There are really on a few necessities that every wallet needs to have.

  1. Cash. The wallet originated as a cache for cash, and that purpose remains an important use today. How much cash you should carry will probably depend on how much of a tycoon you are. For most people, a couple 20-dollar bills would be fine; for big spenders, a wad of C-notes might be necessary. Either way, cash is a must-have wallet ingredient.
  2. Credit Card. Everyone has one, which may be more a condemnation of society than a tribute to fiscal flexibility and technological advance. Wallets are engineered to tote the plastics of American Express, Visa, and MasterCard, so take no shame in taking advantage. However, use temperance. The slippery slope of wallet stuffing begins with credit cards. Only put in the one you use most often.
  3. Bank card. Most people have a bank card (debit card) in addition to their credit card, and chances are good that the bank card gets just as much use. When paying at convenience stores or restaurants, keying in a PIN number is often faster and more convenient than a credit payment. Plus, a bank card is necessary to pull cash from the ATM.
  4. Driver’s license. No matter how bad the picture is, a driver’s license is a wallet necessity. Unless you are way too into lanyards, the wallet is the best (and virtually only) place to carry around the most common form of ID. Most wallets have a see-through pocket specifically designed to hold the license. Those with bad pictures might want to find a different style.
  5. Medical insurance card. Cleaning out your wallet takes a backseat to personal health and safety. An insurance card might not get much use, but you will certainly be thankful you kept it in your wallet when the EMTs need to stitch up your chest cavity.

“But what about the following items?” a desperate packrat might ask. Leaving them out is the only way to cut back on bulbous billfolds.

  1. Photos. The wallet is not the family photo Louvre. If someone wants to see a picture of your kids, you should invite them over to the house rather than open up the accordion file in your back pocket.
  2. Pennies. Nothing adds to wallet girth faster than loose change. Pennies in particular are a nasty culprit because you have to carry around at least four of them to make it worth your time.
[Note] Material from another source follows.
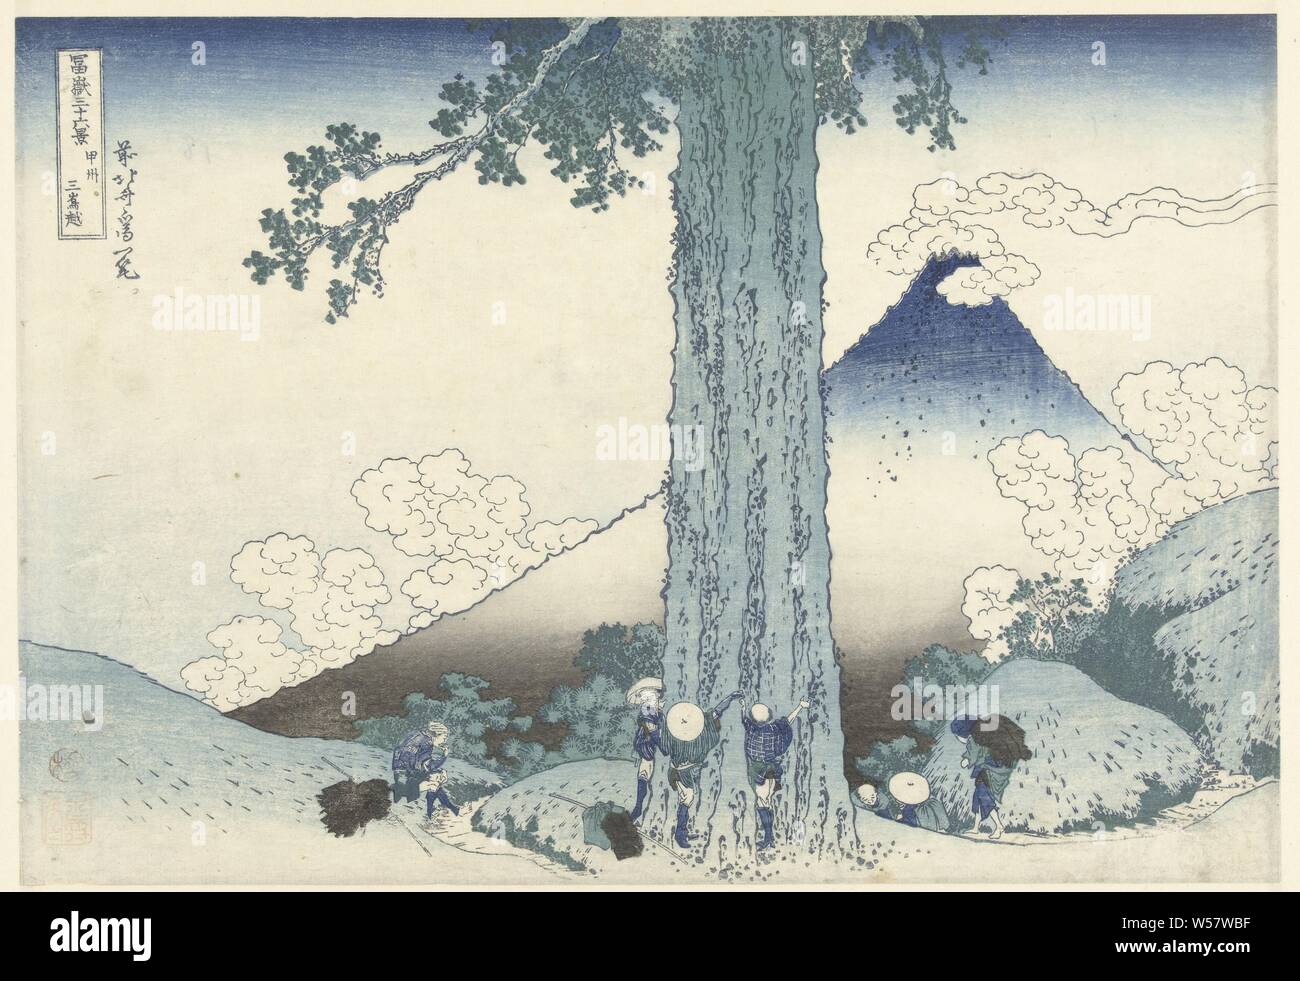 Mishima Mountain Pass in Kai Koshu Provinz Mishimagoe (Titel auf Objekt) 36 Blick auf Mount Fuji (Titel der Serie) Fuji sanjurokkei (Titel der Serie auf Objekt), Blick auf einem Pass mit Reisenden und der Oberseite der Fuji im Hintergrund und im Vordergrund ein großer Baum, wo drei Reisende die Größe, Fuji, der Berg, Katsushika Hokusai (auf Objekt erwähnt), 1829-1833, Papier, Farbholzschnitt, H 368 mm x B 254 mm Stockfoto

At the most, you should only carry a single quarter and a single dime. You should not need any more than that.
  3. Receipts. Save a tree and save a hip injury by cutting back on receipts. The beauty of online banking and credit card statements is that you have an automated way of accounting for purchases. Get with the future.
  4. Business cards. Some people’s wallets resemble mini-rolodexes with business cards rivaling an Office Depot aisle. Keep cards in an actual rolodex or in a file at your desk. Input the phone numbers into your cell phone. Take the burden off your back pocket.
  5. Punch cards. Good intentions are the mortal enemy of wallet efficiency. People pack in punch cards certain of the fact that they will, sooner or later, eat a dozen foot-long subs to get half-price off a sub of their choice. Does it ever happen? Rarely. Take the punch cards out and stick them in your glove compartment. Intentions may be good, but follow-through seldom is.

The dos and don’ts of wallet contents can sometimes only go so far. Fortunately, there are a couple of other options that might help weed out the rest of the wallet burdens.

For starters, get a smaller wallet. Department stores have all sorts of different styles and designs. A money clip-wallet hybrid is one of the more popular alternatives. The design leaves virtually no choice but to cut back on extra cards and receipts.

If a smaller wallet is not an option, try consolidating your membership cards. One great solution is keeping one card with the ID numbers of several cards printed onto it. That way, when you are at any particular store, you can read off your account number rather than fumbling for the proper piece of plastic.

Following these tips should help diminish the burden of a hefty wallet. A little prudence here and some tough decisions there could make a big difference in back pockets and purses everywhere. Wallets come out of their packaging thin, and they have the potential to remain that way.
George Costanza was a martyr for progress. Don’t let his back example die in vain.